**Description of the task**
Set down all of the data exactly. Pictures stay out of the copy.

**Source data**
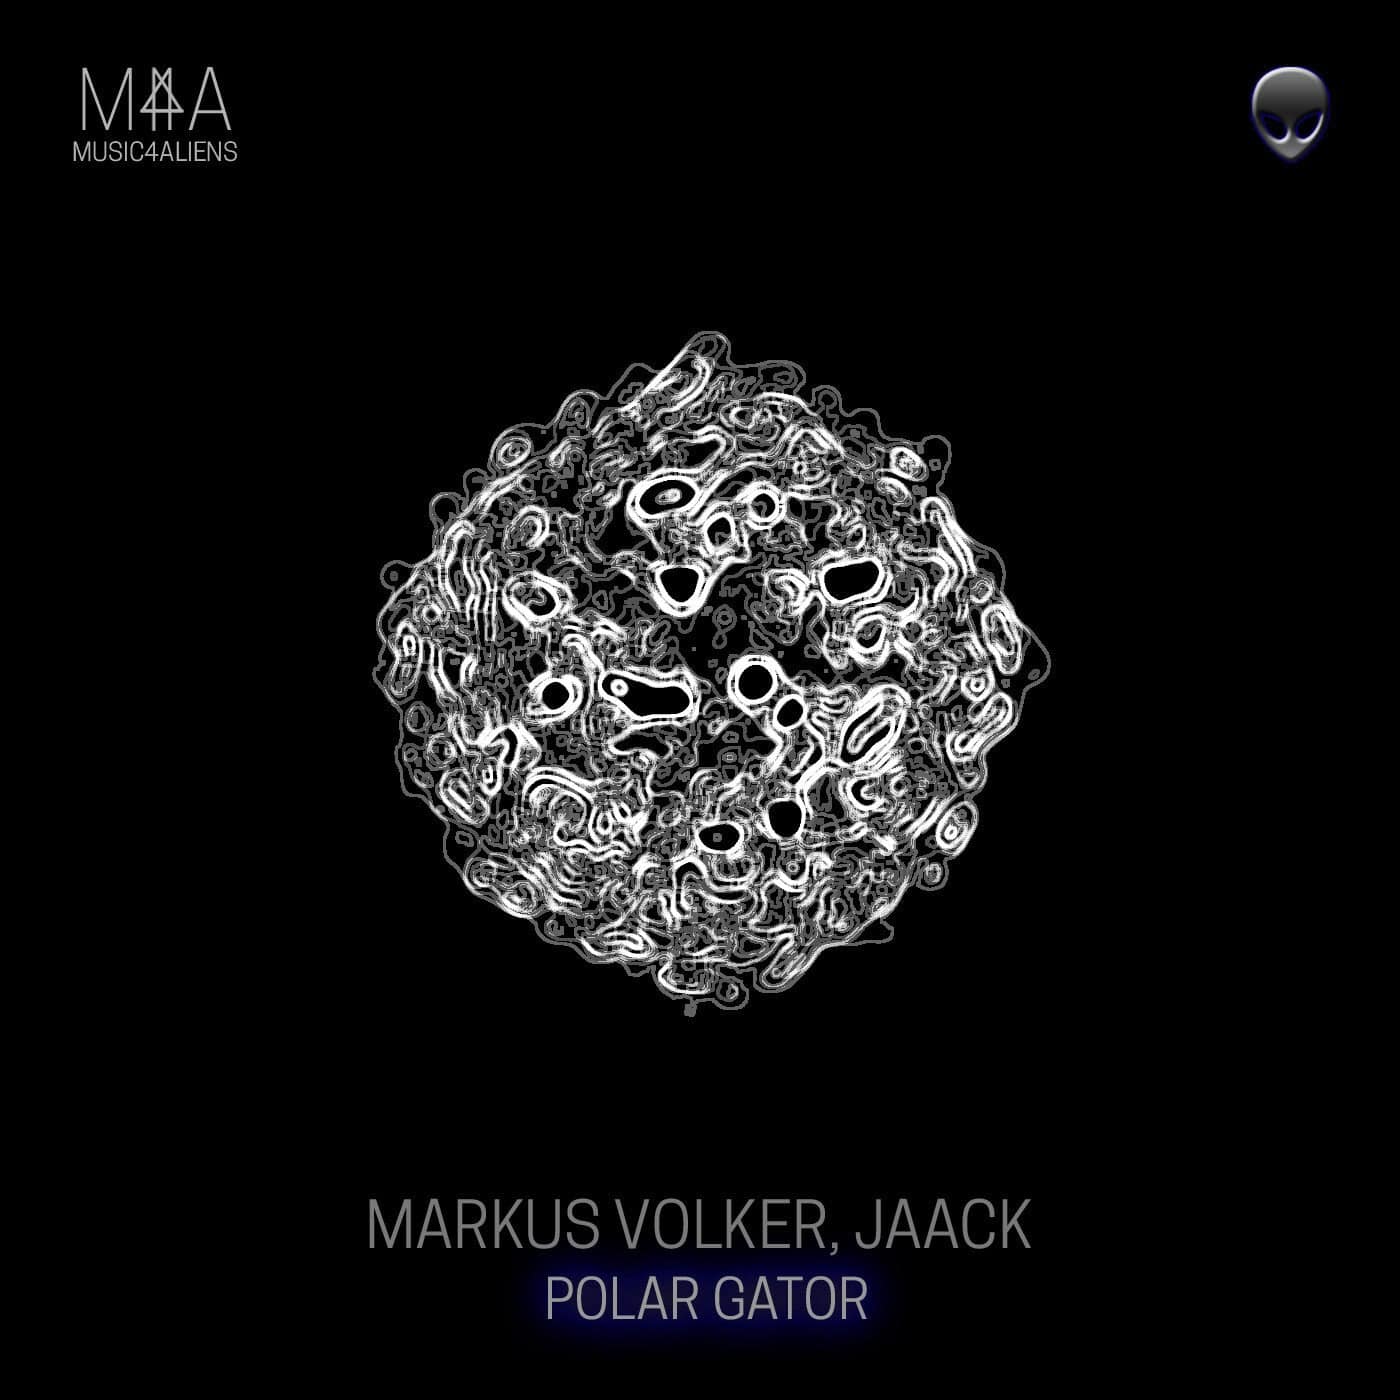 image cover: Markus Volker, Jaack - Polar Gator / M4S003
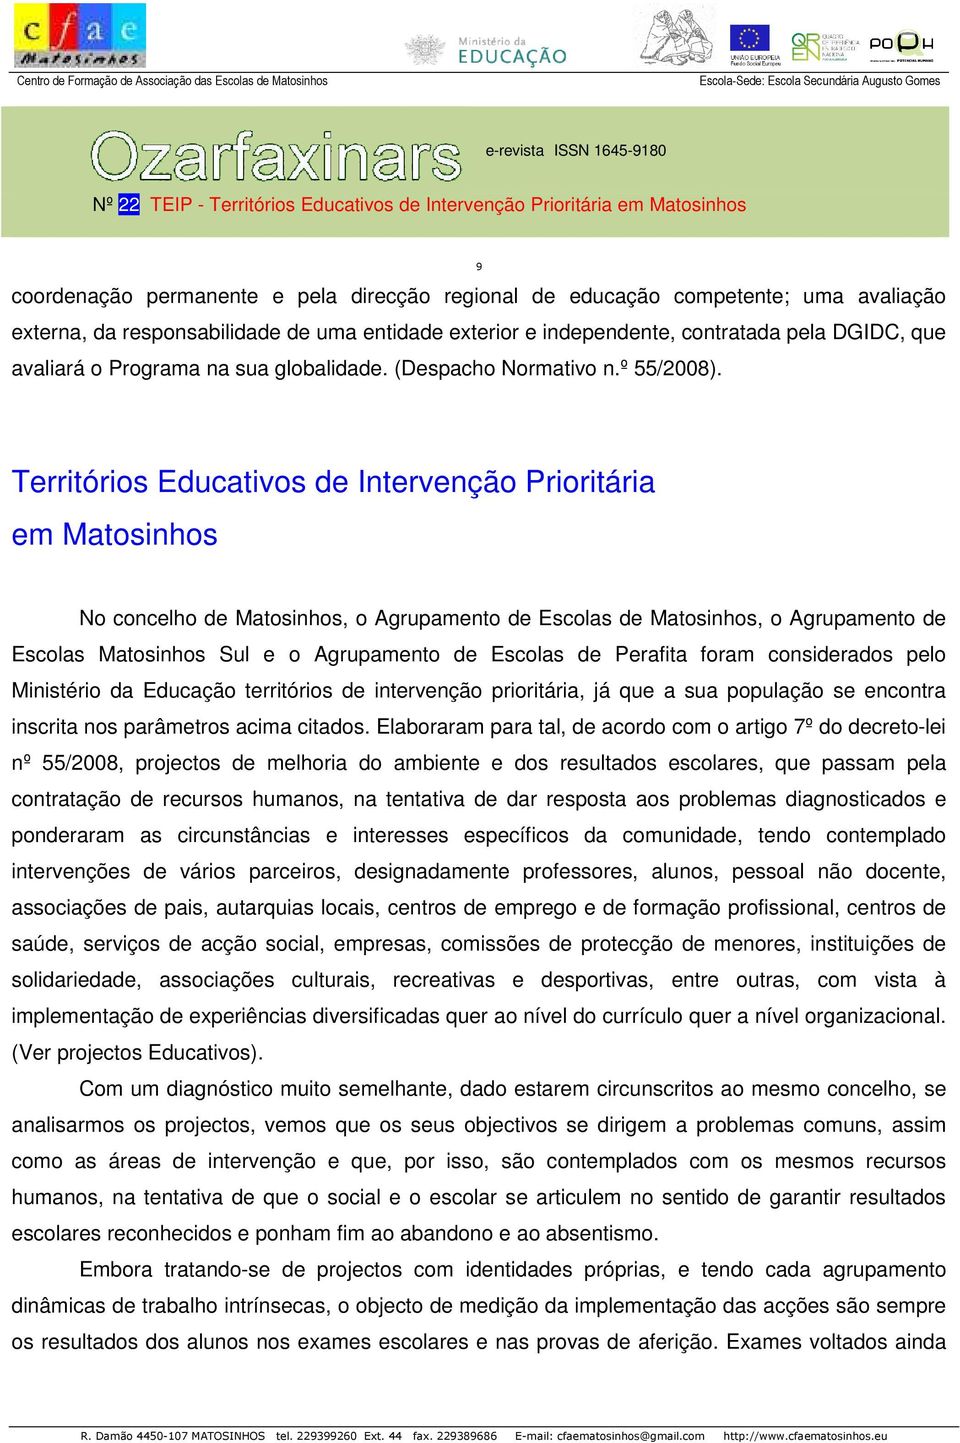 Territórios Educativos de Intervenção Prioritária em Matosinhos No concelho de Matosinhos, o Agrupamento de Escolas de Matosinhos, o Agrupamento de Escolas Matosinhos Sul e o Agrupamento de Escolas
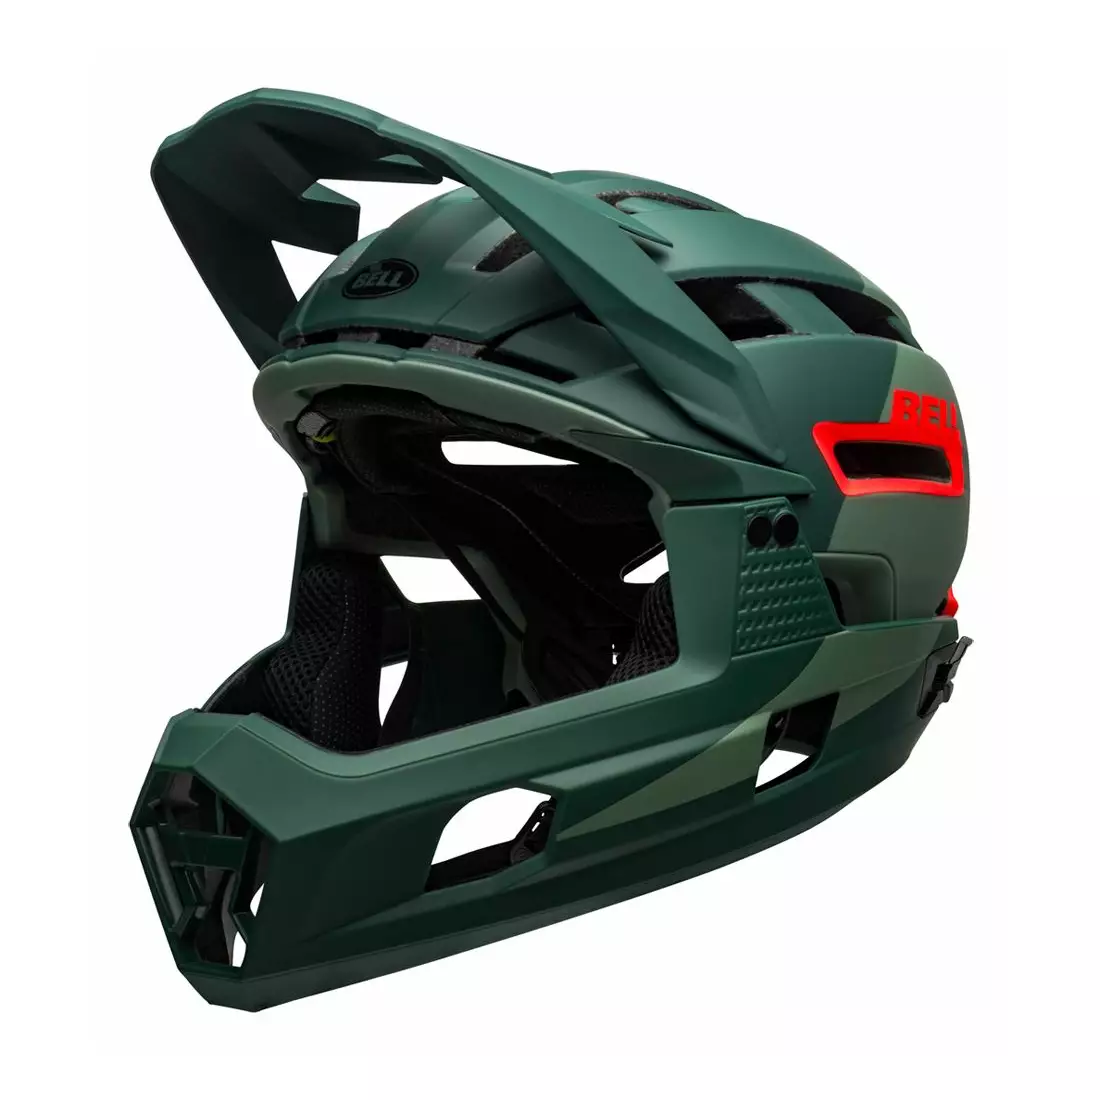 BELL SUPER AIR R MIPS SPHERICAL celotvárová cyklistická prilba, matte gloss green infrared

**Result**
 image cover: Markus Volker, Jaack - Polar Gator / M4S003
 Territórios Educativos de Intervenção Prioritária em Matosinhos No concelho de Matosinhos, o Agrupamento de Escolas de Matosinhos, o Agrupamento de Escolas Matosinhos Sul e o Agrupamento de Escolas
 BELL SUPER AIR R MIPS SPHERICAL celotvárová cyklistická prilba, matte gloss green infrared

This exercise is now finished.